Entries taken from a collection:
________________________

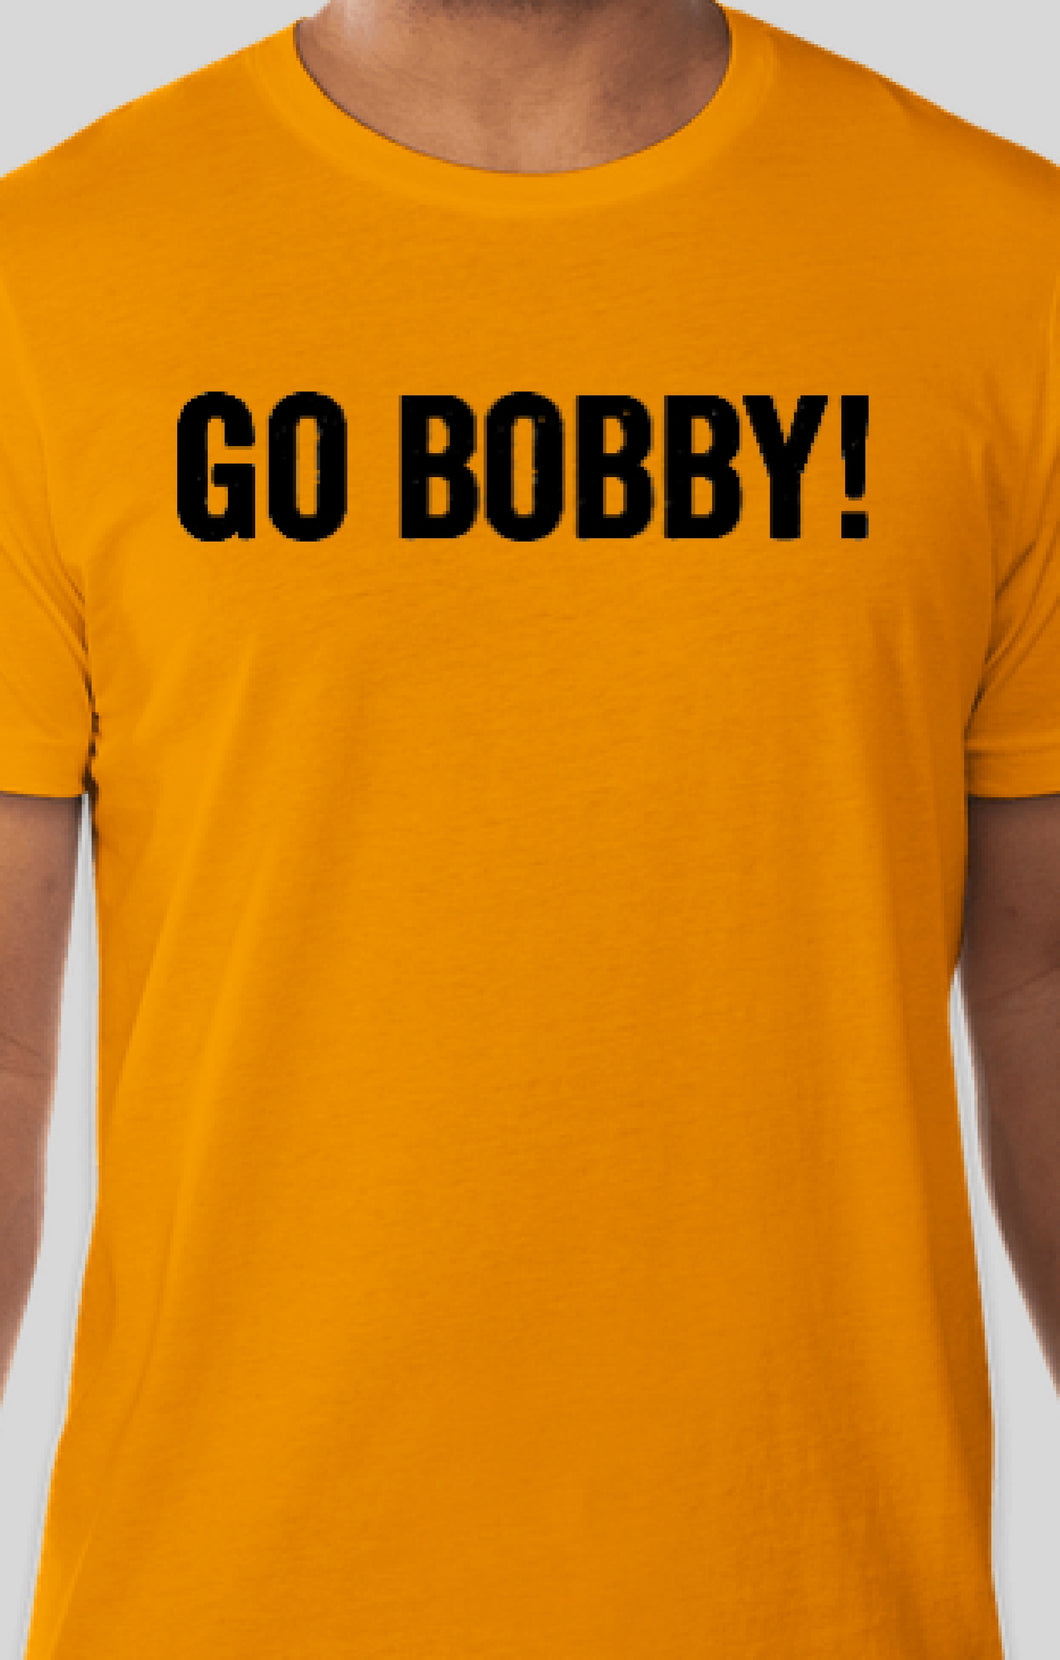 GO BOBBY!
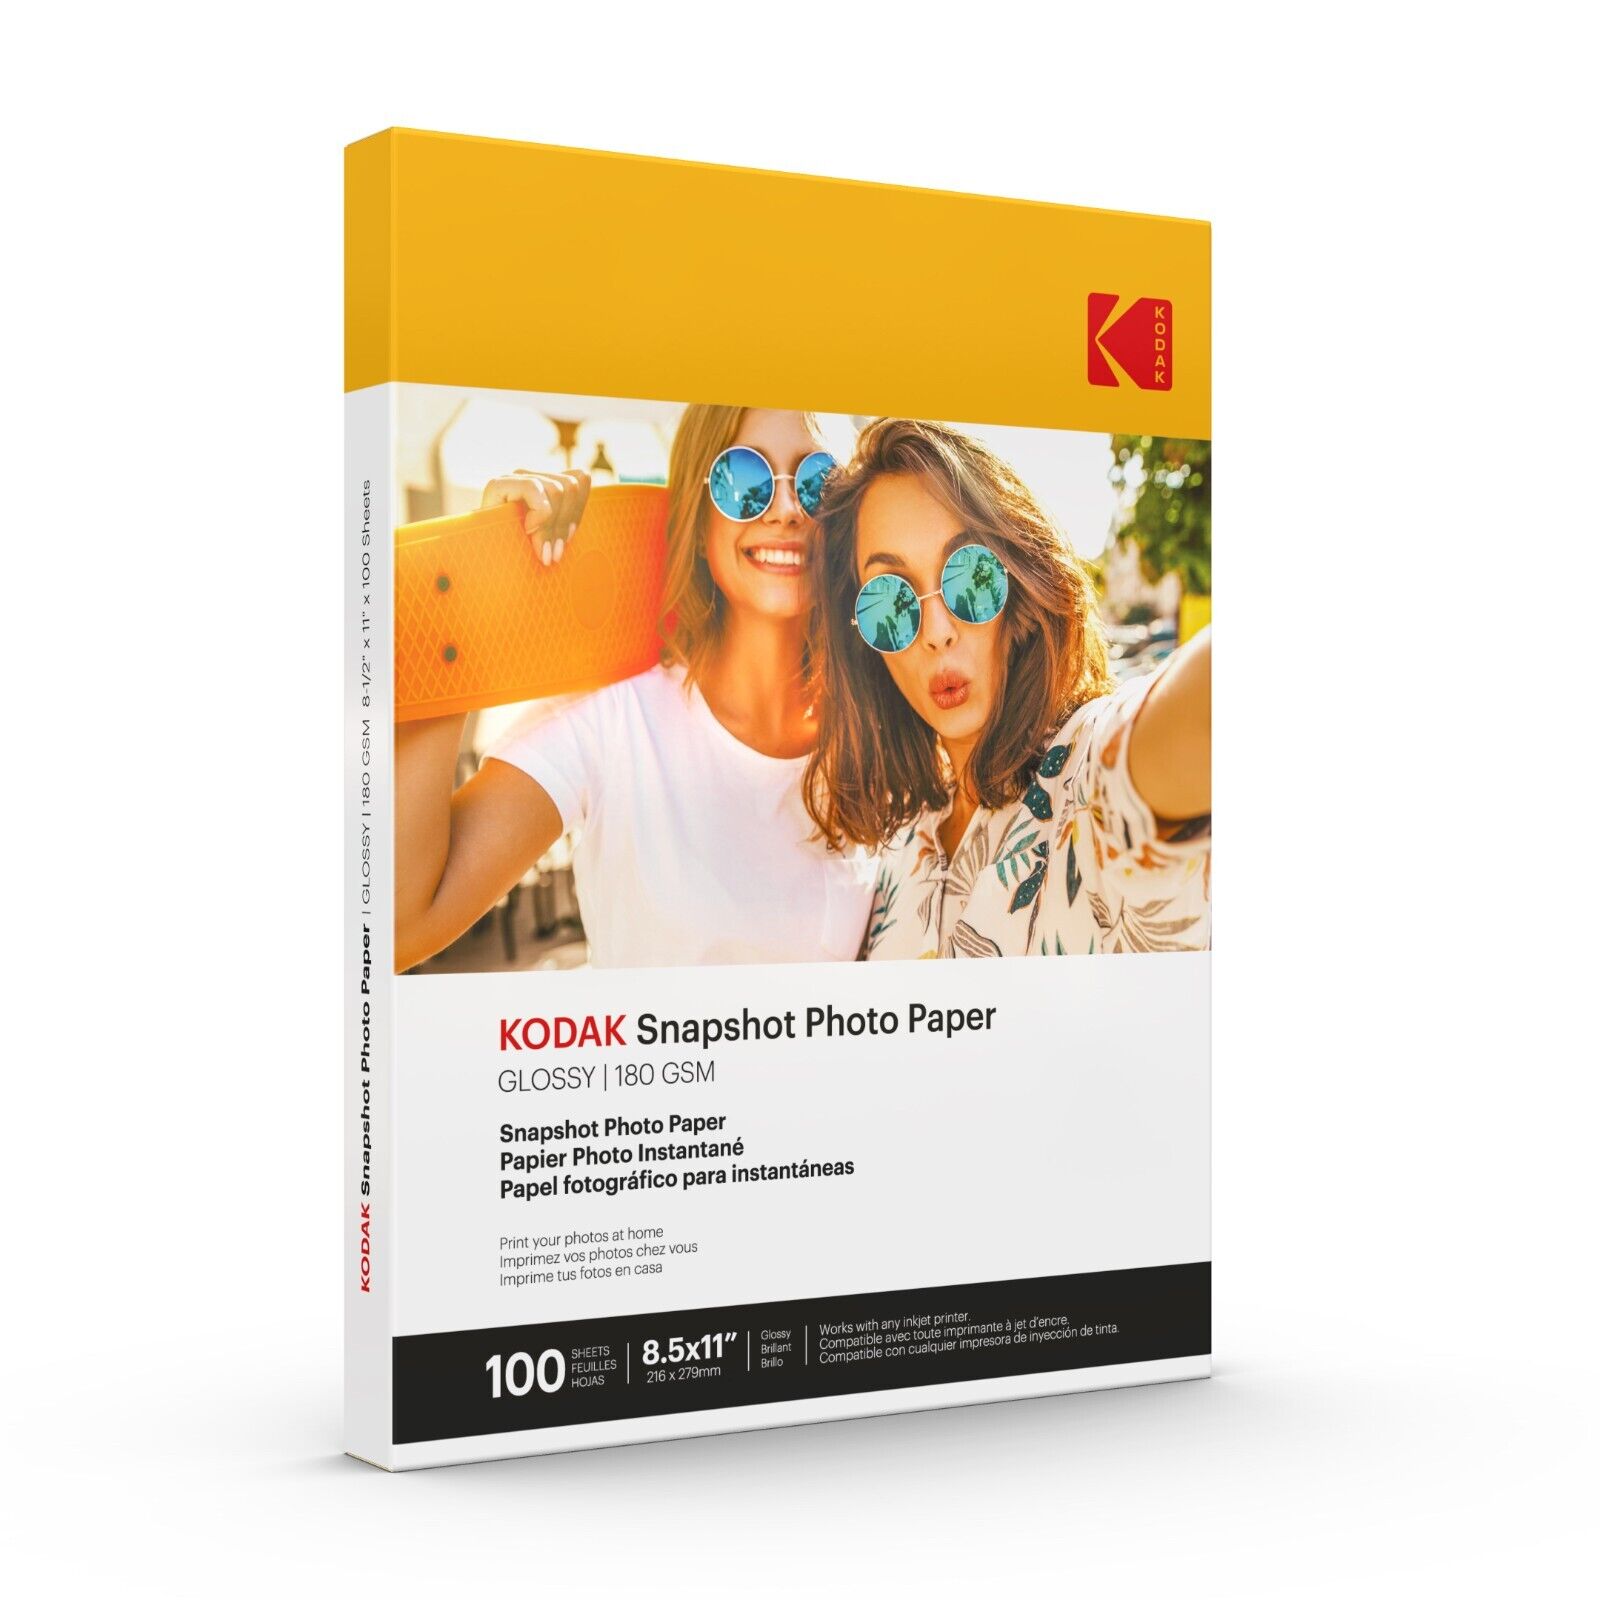 PHOTO PAPER KODAK Photo Paper Gloss 8.5 X 11 SNAPSHOT 100 count, 48lb. 180 g/m 2
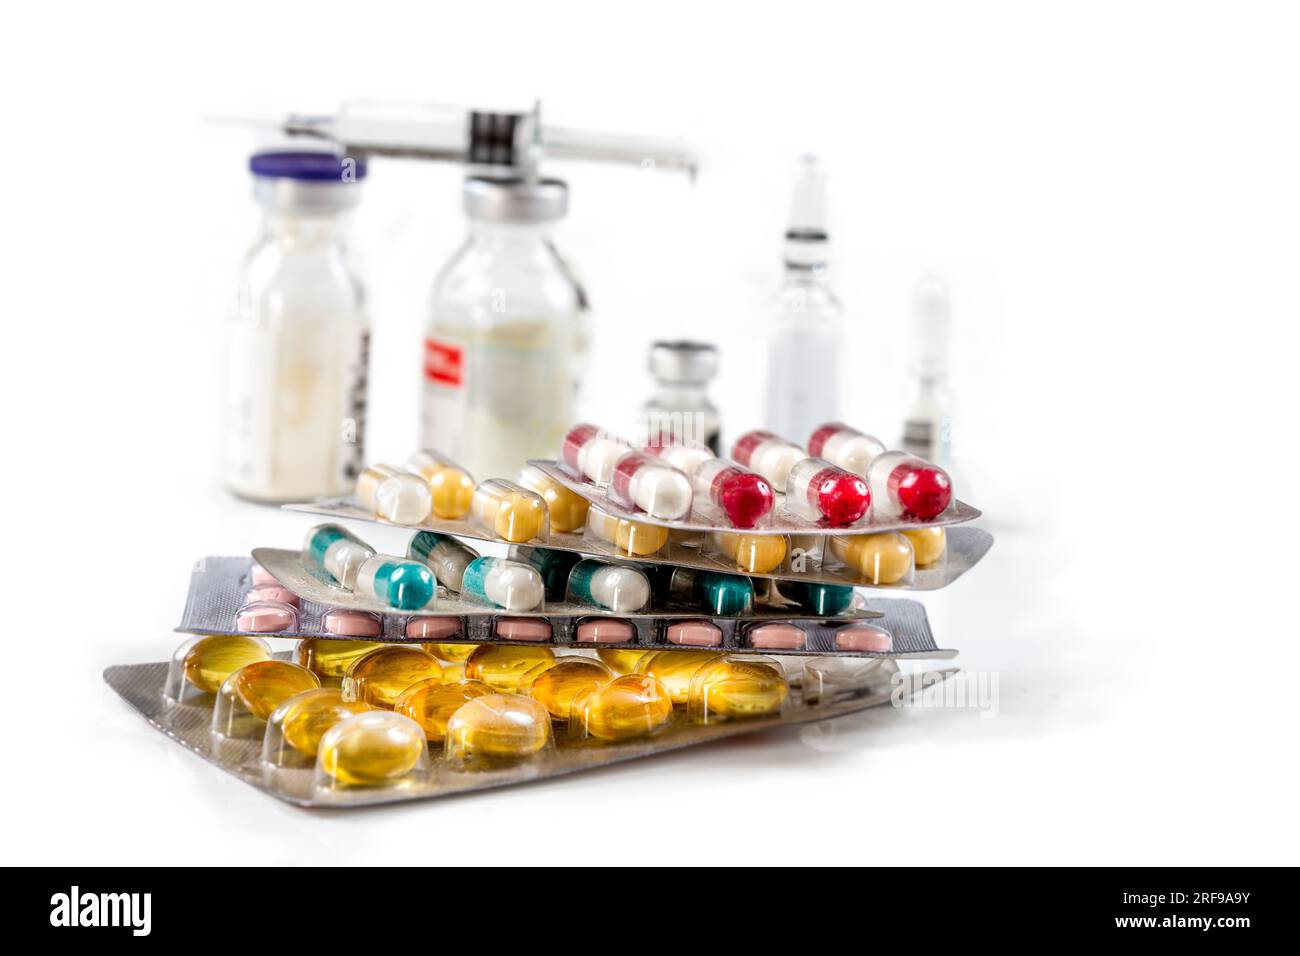 Assortiment de pilules, comprimés et capsules, seringue avec vaccin. Banque D'Images
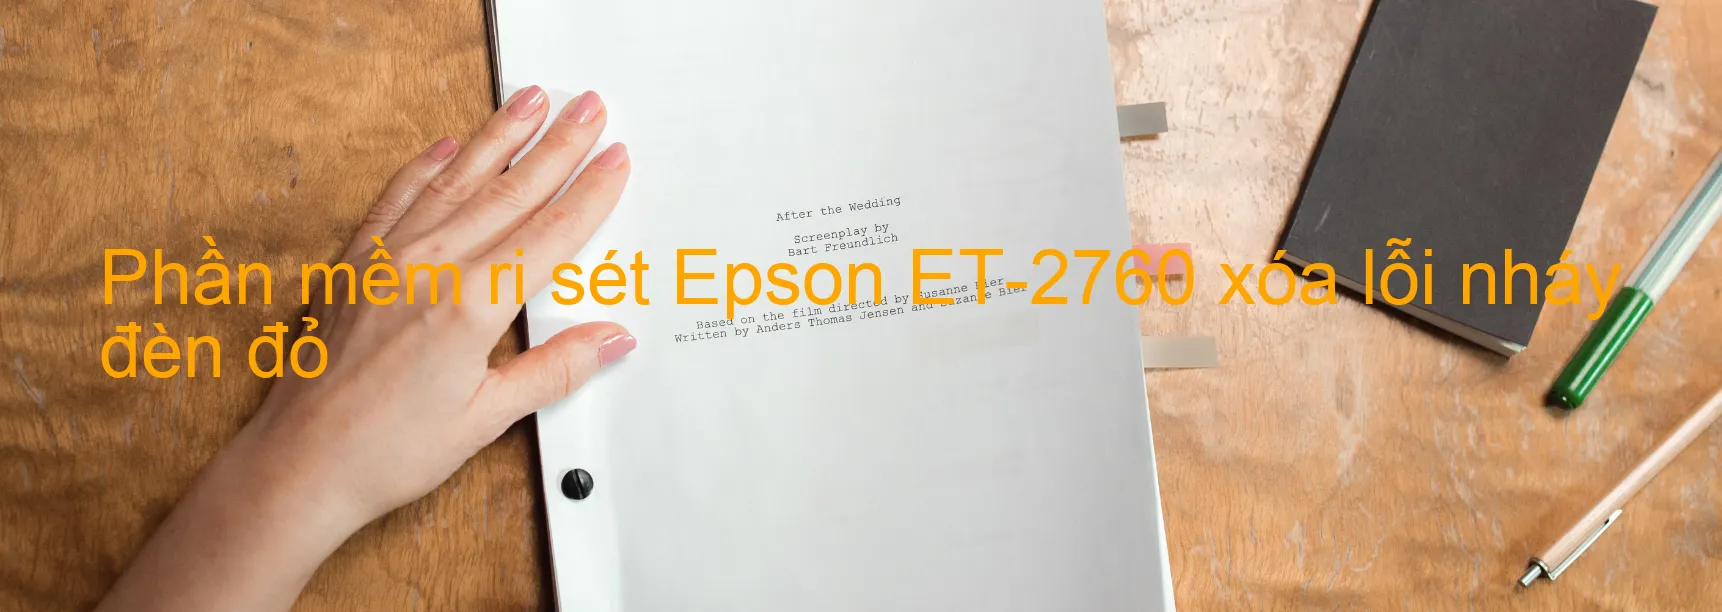 Phần mềm reset Epson ET-2760 xóa lỗi nháy đèn đỏ
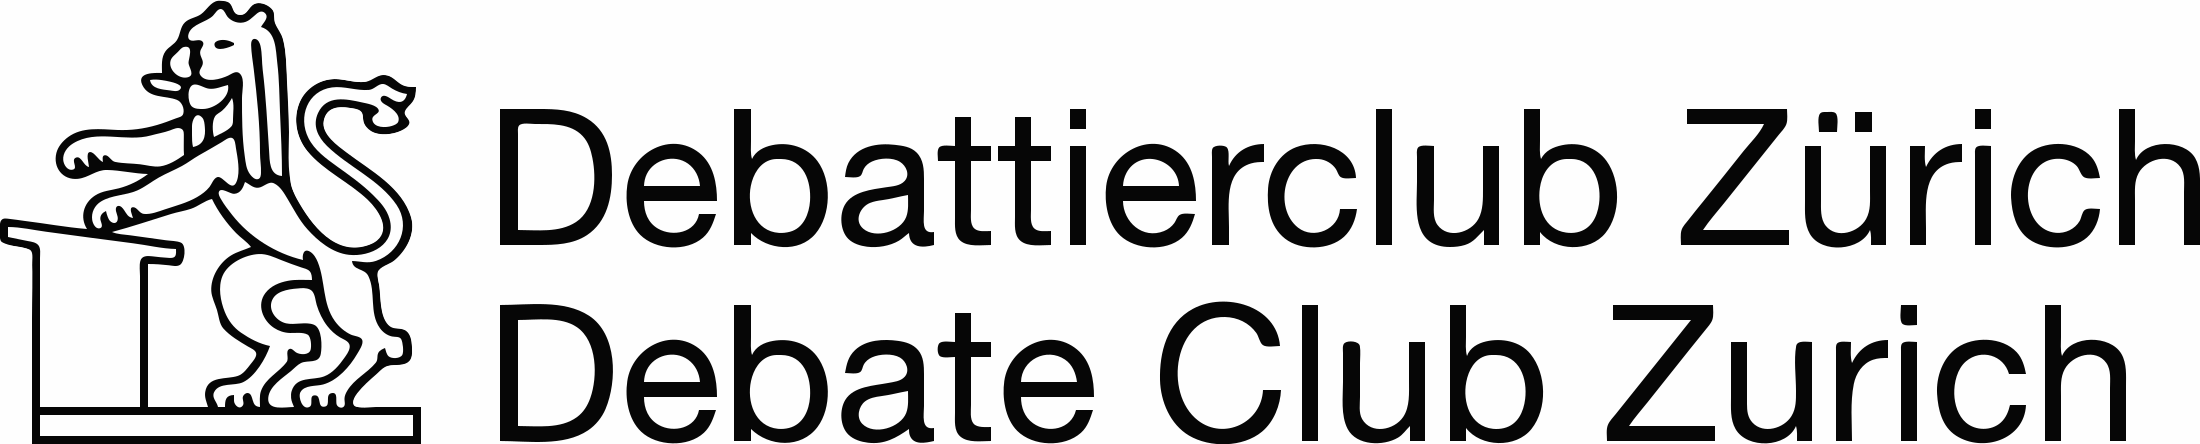 Logo of Debattierclub

________________________

■ Assigned task:
Retype the records in full, exactly as given, and omit the pictures.

■ Result of this exercise:
 GO BOBBY!
 PHOTO PAPER KODAK Photo Paper Gloss 8.5 X 11 SNAPSHOT 100 count, 48lb. 180 g/m 2
 Assortiment de pilules, comprimés et capsules, seringue avec vaccin. Banque D'Images
 Phần mềm reset Epson ET-2760 xóa lỗi nháy đèn đỏ
 Logo of Debattierclub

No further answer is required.